I’d like to learn the pre-requisites and then do the Udacity course within a 6 month timespan (2 for prereq, 4 for course).


Caveat: I cannot advise in great detail because I don’t know you well enough to assess your current level of knowledge. Also I am not a teacher or lecturer, so cannot construct a course plan, and definitely not something that fits any kind of timetable.

Instead, I would advise you to pick up minimal basics but in a way that makes your confident that you really understand them. Then start tackling the machine learning that is your goal - whenever you hit some part which you don’t understand, take a step back and research that topic. As long as you are not enrolled in some class where you have to submit work every week, there is no need to try and create your own complete course guide from the outset.

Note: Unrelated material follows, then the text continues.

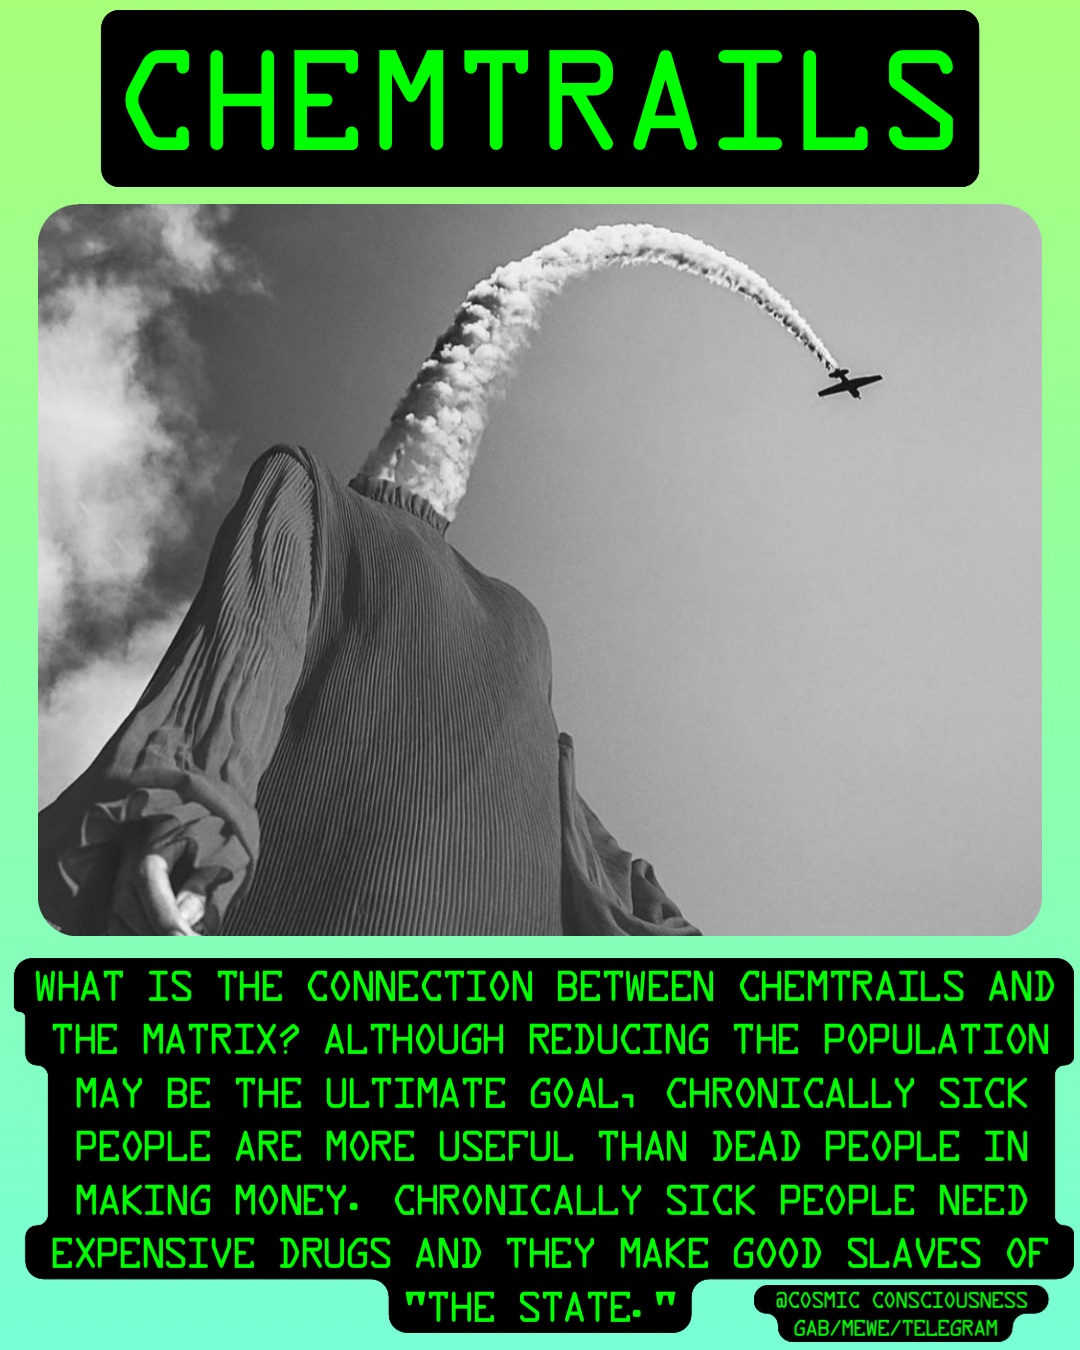 Chemtrails What is the Connection between Chemtrails and the MATRIX? Although reducing the population may be the ultimate goal, chronically sick people are more useful than dead people in making money. Chronically sick people need expensive drugs and they make good slaves of "the State." @Cosmic Consciousness 
Gab/MeWe/Telegram

There is not much subject area in between basic algebra and linear algebra or linear algebra and calculus. If you have basic algebra then both linear algebra and calculus are understandable. You only need the basics in each subject. E.g. in linear algebra you will need:

  • What vectors and matrices are

  • How to add, subtract and multiply vectors and matrices

In calculus you will need:

  • What a derivative is, and what a partial derivative is

  • The “chain rule” or how to take a derivative when you have a function of a function

In stats you will need:

  • Different types of average (mean vs median, geometric mean vs arithmetic mean)

  • What the variance, standard distribution and standard error are

That’s the basics you will need to know comfortably well in order to understand the theories and notation in machine learning. It doesn’t hurt to understand them deeper.